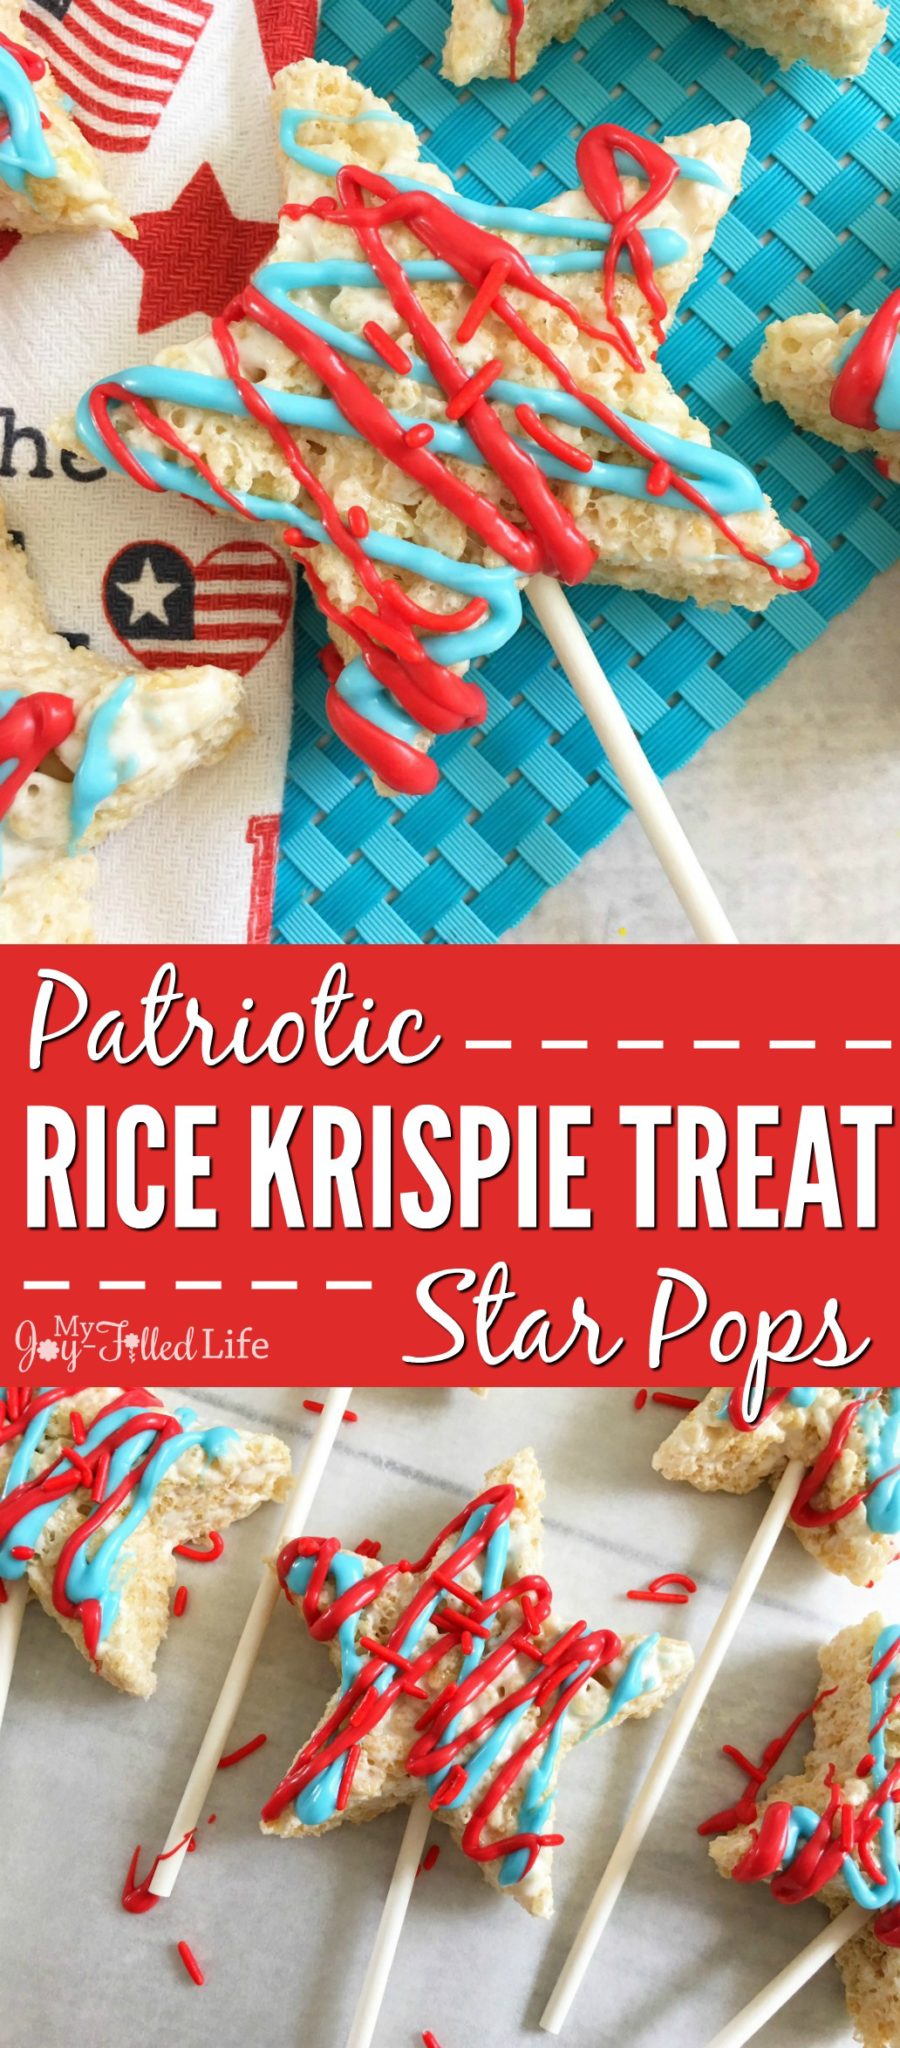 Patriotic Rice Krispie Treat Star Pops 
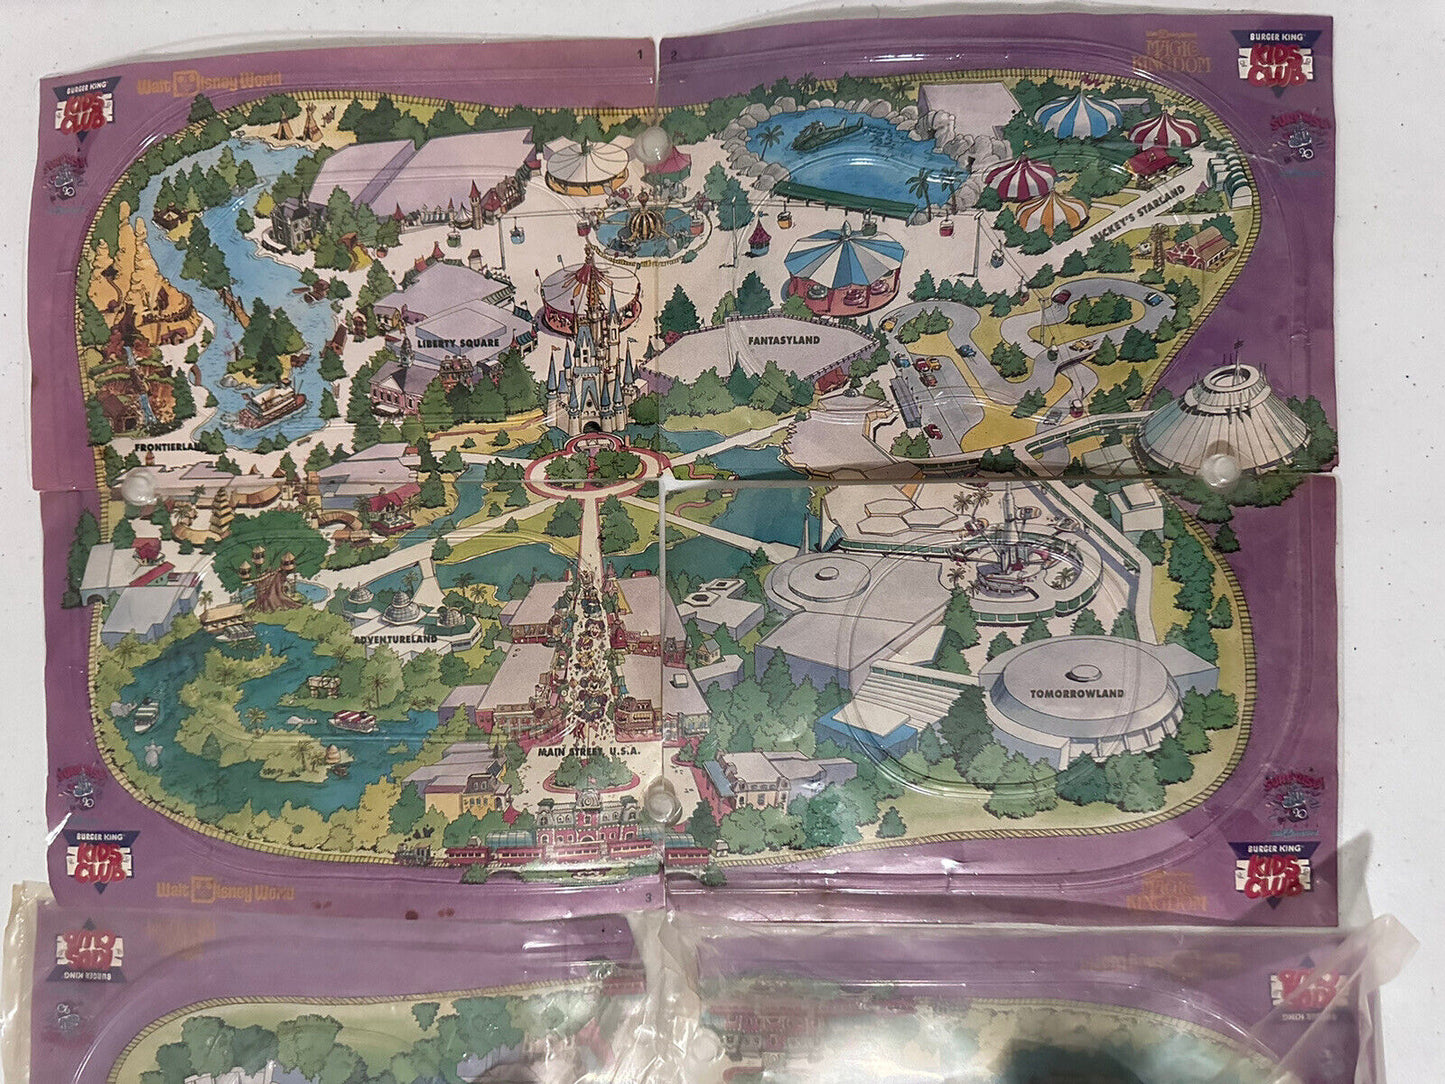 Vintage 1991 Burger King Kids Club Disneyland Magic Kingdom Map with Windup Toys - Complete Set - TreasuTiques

--

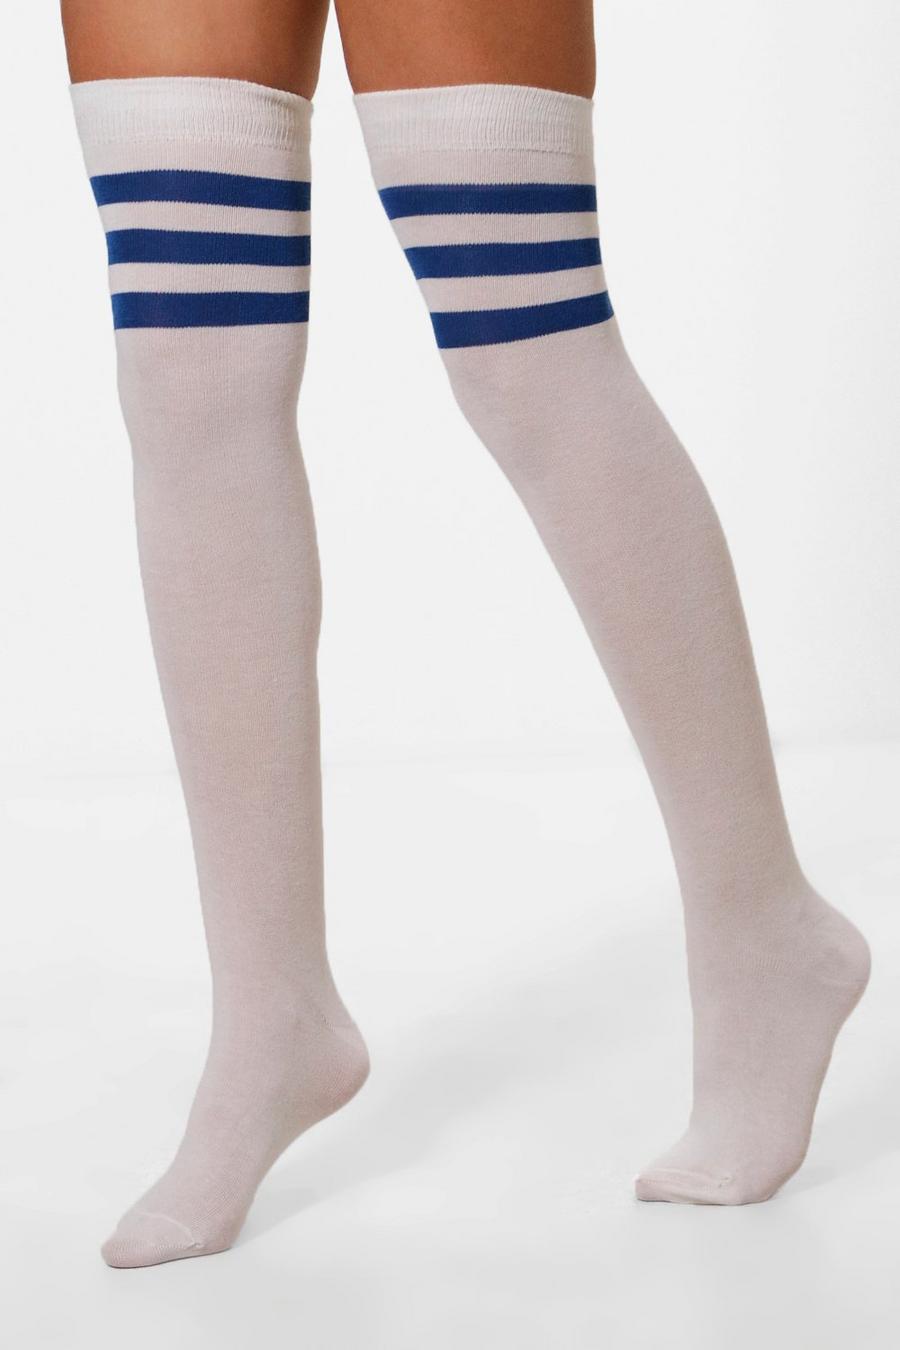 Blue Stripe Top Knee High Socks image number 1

==

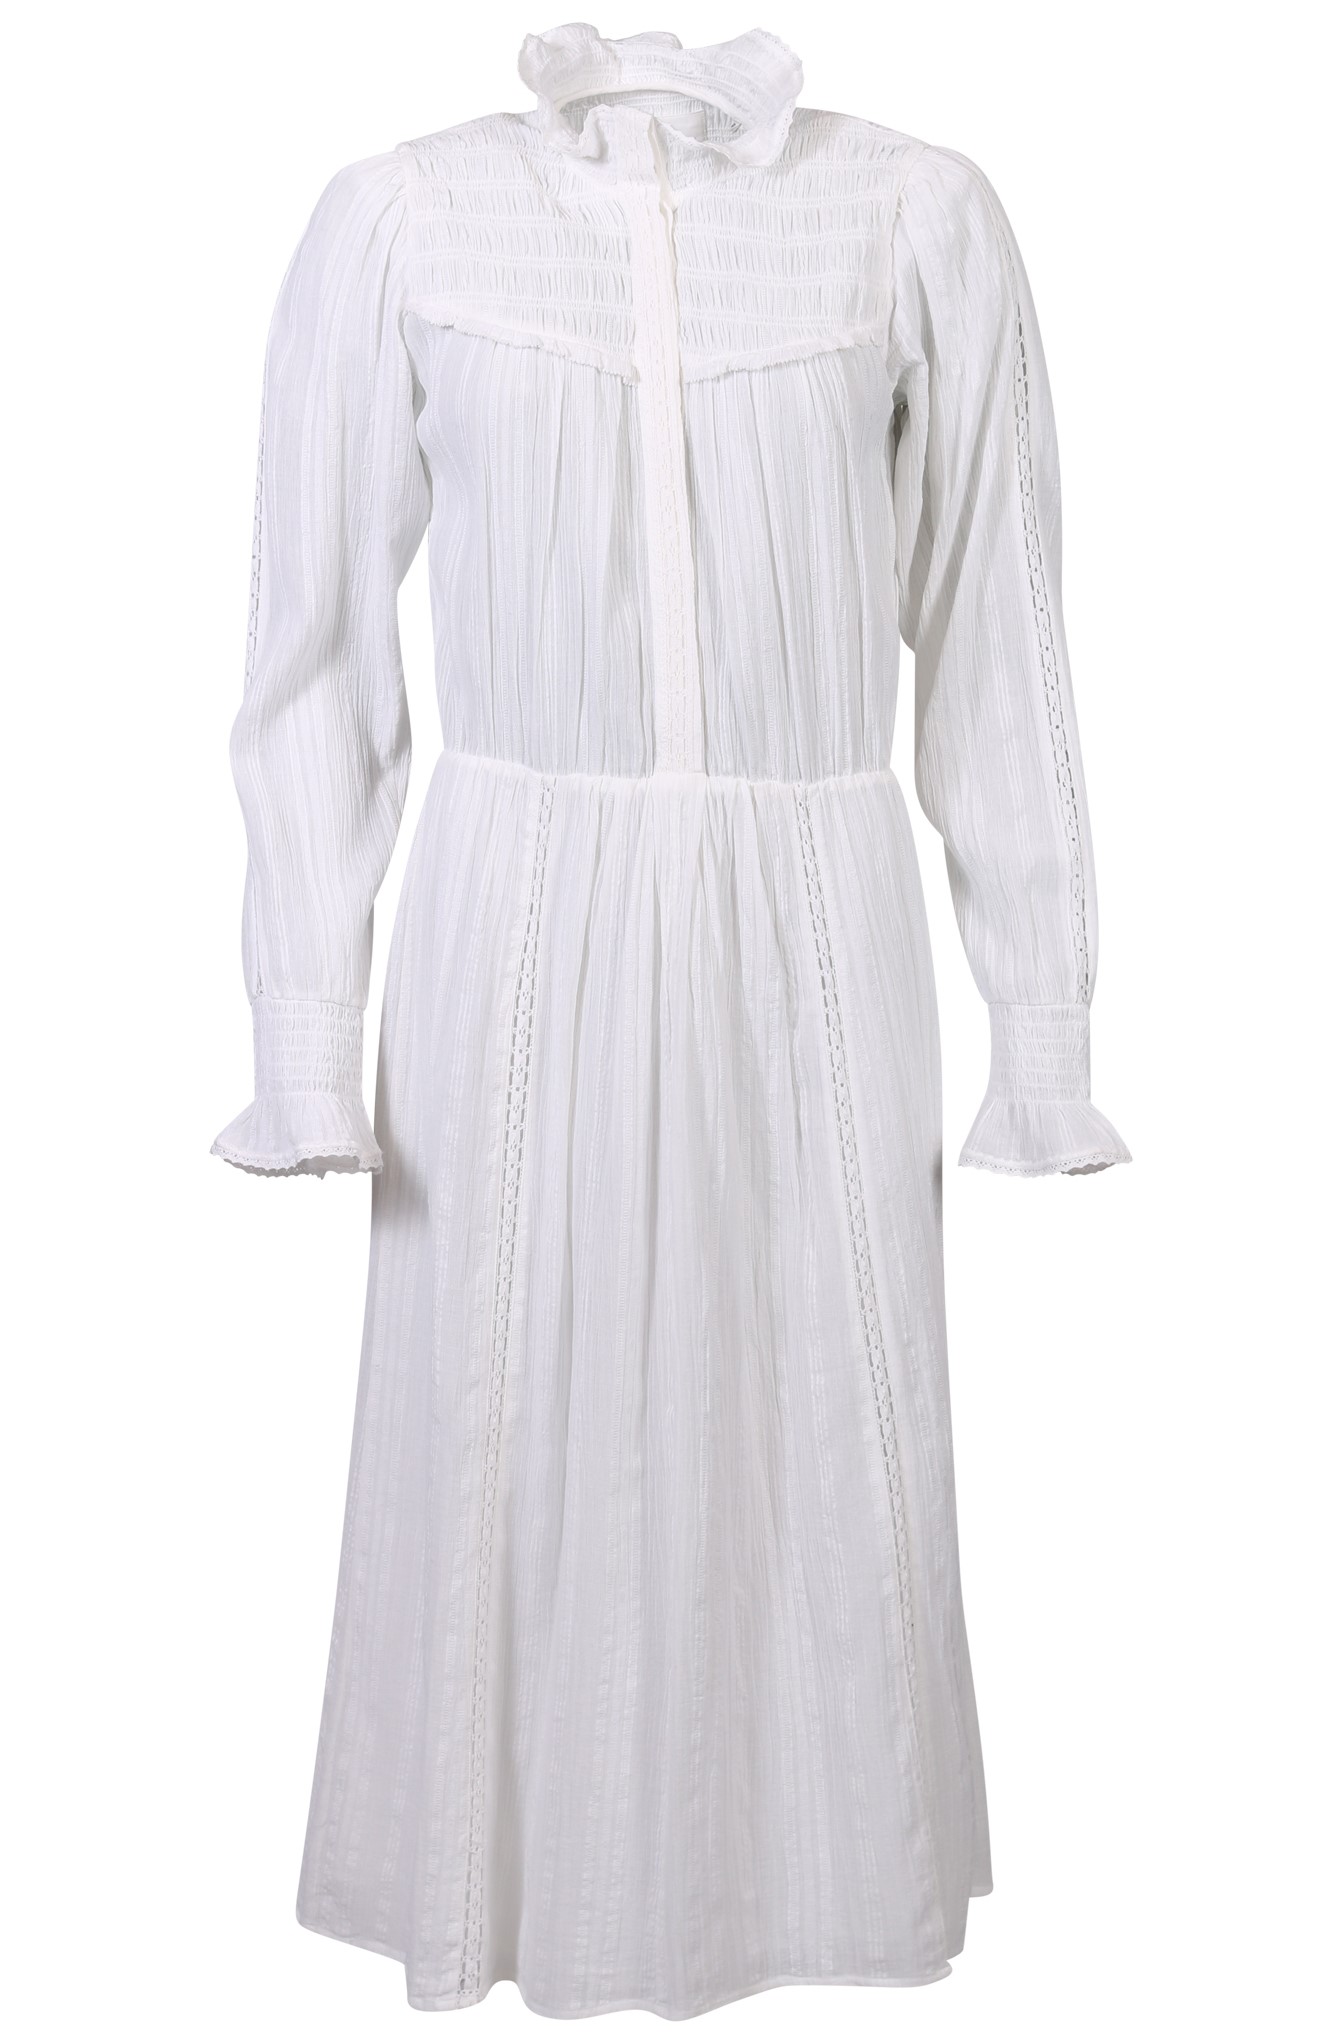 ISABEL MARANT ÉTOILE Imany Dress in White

**EXERCISE BRIEF**
Start with the line with "Patriotic Rice Krispie Treat Star Pops" in the listing above and stop after the line with "Vintage 1991 Burger". Write out exactly the lines in that stretch and no others, without pictures.

**RESPONSE TO THE EXERCISE**
 Patriotic Rice Krispie Treat Star Pops 
 Vintage 1991 Burger King Kids Club Disneyland Magic Kingdom Map with Windup Toys - Complete Set - TreasuTiques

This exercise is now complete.